Соколов С. Между собакой и волком.- М.: ОГИ, 2017.- 320 с.
«Между собакой и волком» - второй роман Саши Соколова (после «Школа для дураков»), сделавший его знаменитым на весь мир. Недооцененный, как нам думается.
Трудно писать рецензии на классику - вроде бы, все давно написано уже, мерки сняты, памятник при жизни уже поставлен, научные издания изданы. Но тут возникает чувство, что осталось недосказанным что-то еще, что-то очень важное и сугубо частное...
Лично мне больше нравится «Школа для дураков», нежели «Между собакой и волком». Вместе с тем, я понимаю позицию автора, для которого важно было создать «Между собакой и волком» - назовем ее словом «поэма», вслед за гениальной поэмой «Москва-Петушки» Венедикта Ерофеева. Поэтические вставки делают поэму «Между собакой и волком» чем-то сродни «Доктору Живаго» Бориса Пастернака (это сходство уже выделялось однажды, согласимся с этой точкой зрения), все различие здесь лишь в том, что С. Соколов работает в жанре модернизма (как говаривают на Западе) или постмодернизма, как принято выражаться в России, а это направление в корне отличается от направления традиционного, классического русского романа.
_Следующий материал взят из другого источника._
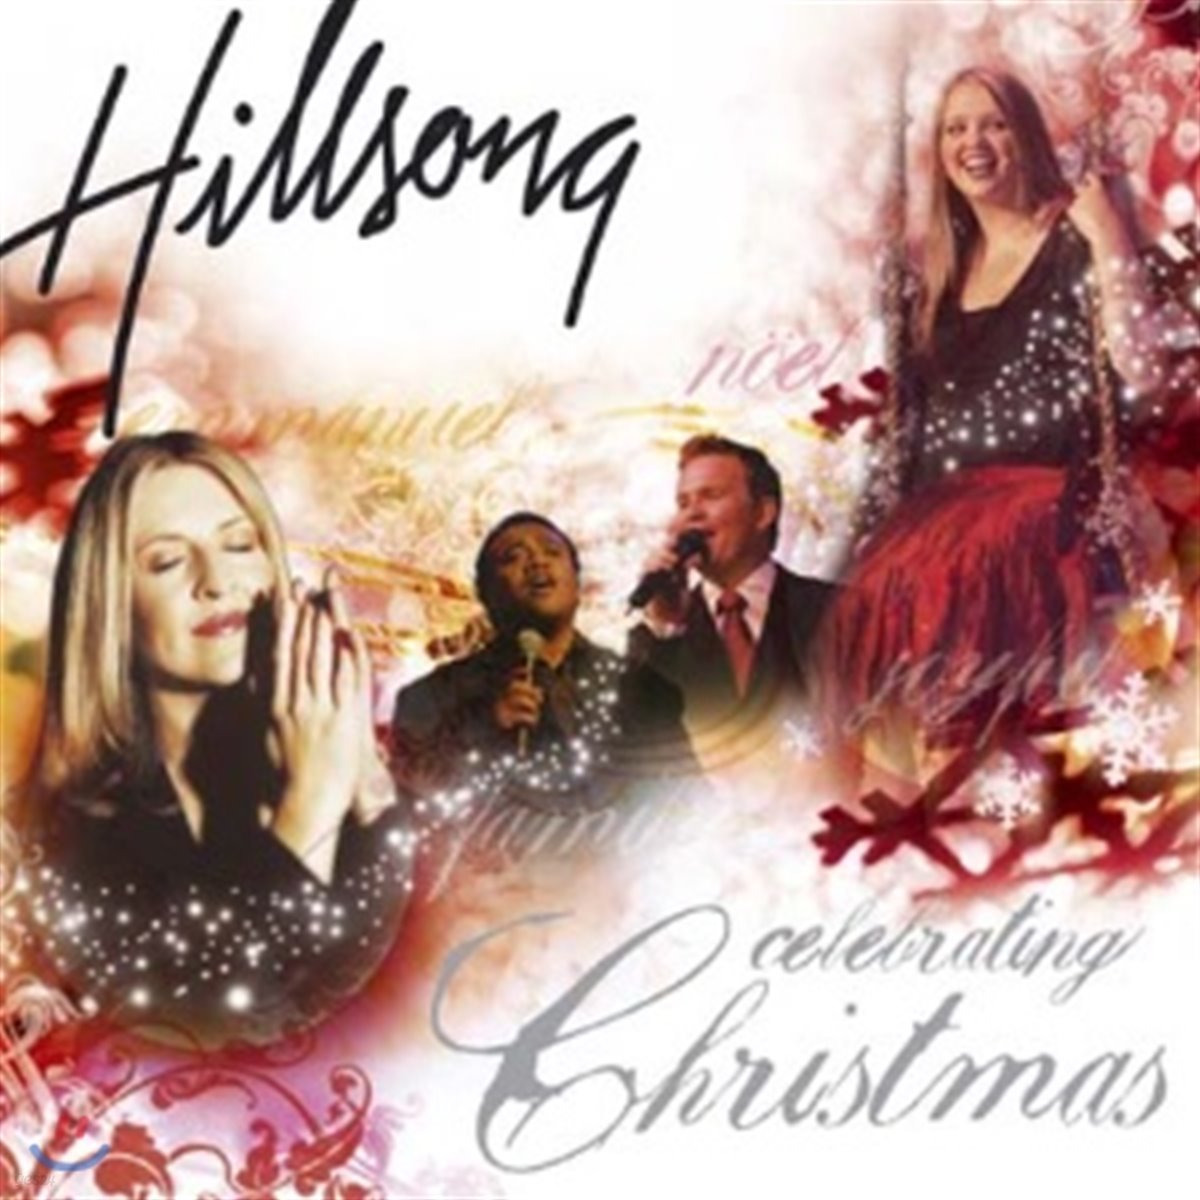 Hillsong Christmas - Celebrating Christmas 힐송 크리스마스

В целом же, поэма философская и поднимает глубокие бездны внутреннего подсознания, о которых мы еще поговорим.
А пока надо сказать вот о чем… В поэме присутствуют стихотворные вставки (всего их - 37), они названы, как «Записки охотника» (вспомним Ивана Тургенева).
Увы нам, наш климат для нас нездоров,
Тут тянутся тучи цепочкой.
Нашедший Записки, на розе ветров
Сожги и развей мои строчки.
Как сгинула некогда Амзтархан,
Татарской оравы столица;
Как вымрет когда-нибудь таракан,
Что пасся у хана в косицах;
Как в сильную оттепель тают следы
Полозьев и лосей наброды;
Как - столь же бесследно - пропали труды
Народов и сами народы
Действие романа происходит в некой артели инвалидов им. Д. Заточника в Заволчье - местности за Волчьей рекой. Это место Заволчье образует архипелаг из деревень, таких как Городнище, Быдогощ, Вышелбауши, Мыломукомолово.
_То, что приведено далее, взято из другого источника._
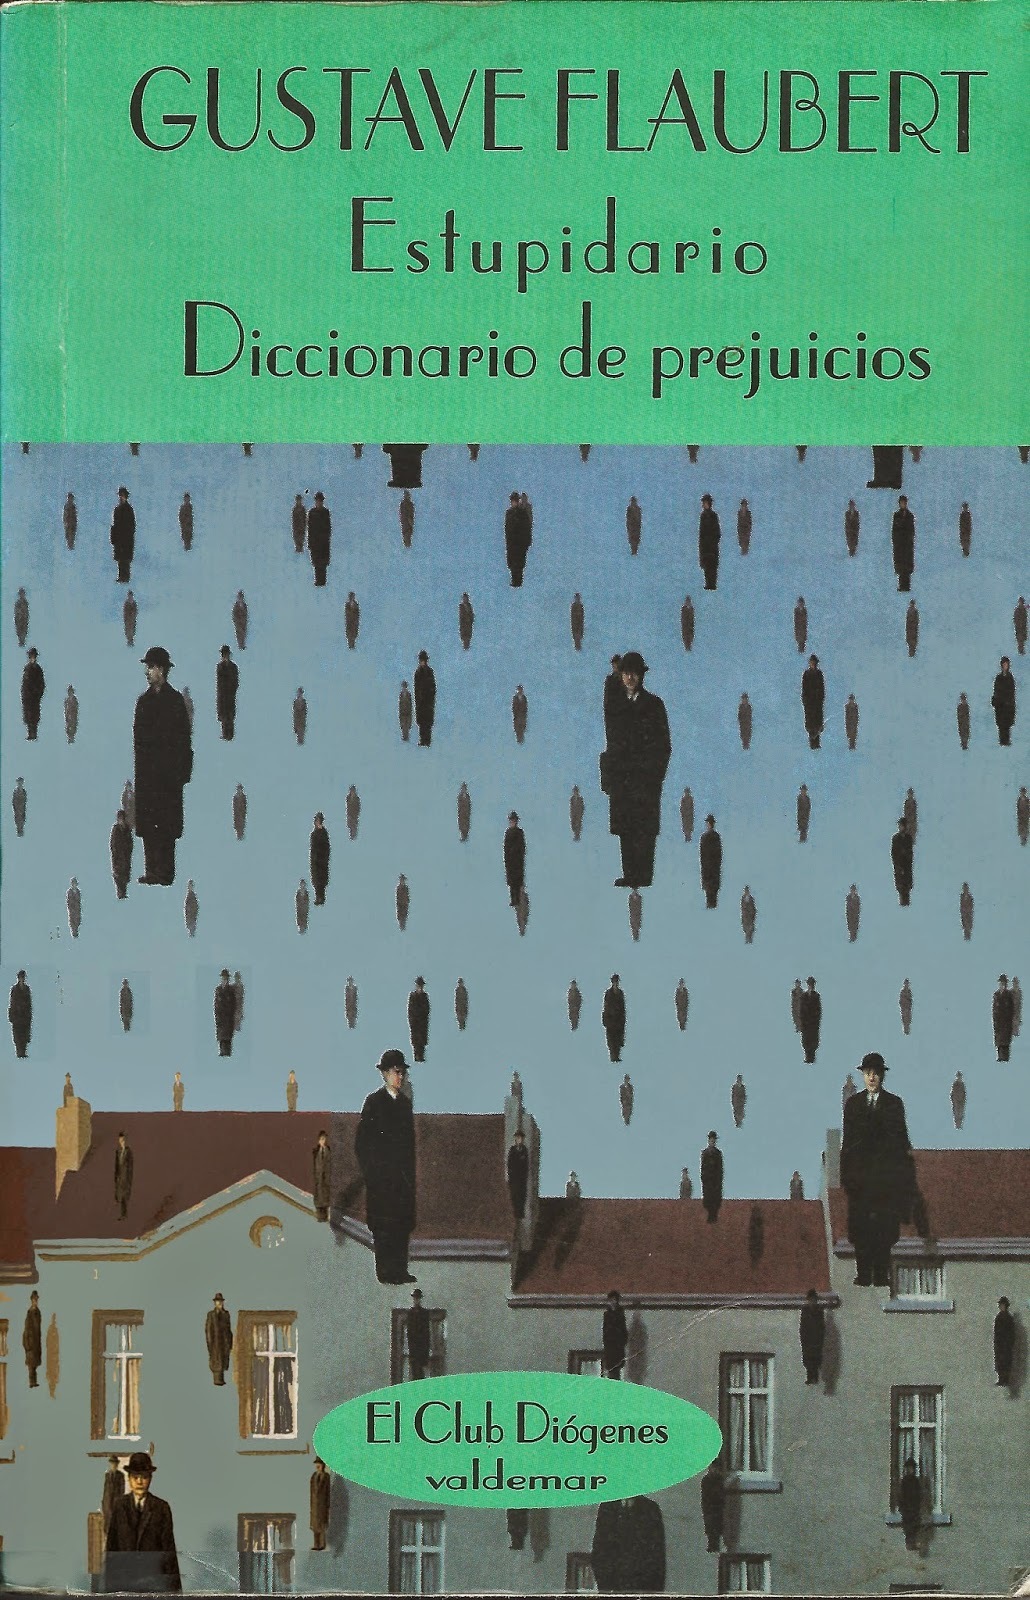 Gustave Flaubert: Estupidiario. Diccionario de Prejuicios. (Paperback, Español language, 1999, Valdermar)

Я не знаю, способны ли произведения искусства изменить мир (известна же фраза Ф.М. Достоевского: «Красота спасет мир»), но появление «Между собакой и волком» способствует развитию языка, его поэтической утонченности. Это проза поэта: весьма эффектная, живая, а поэтому - экспрессивная, иногда - бешенная, почти маниакальная, способная на масштабные эксперименты. Недаром же классики в один голос говорили про «великий, могучий русский язык». Соколов, лишний раз показывает, как надо писать, чтобы отразить проблемы отдельно взятого человека, «сумеречного человека». Отразить мир, в котором он живет, далекий от идеала. Отобразить язык, на котором говорят обычные охотники в «заволчье».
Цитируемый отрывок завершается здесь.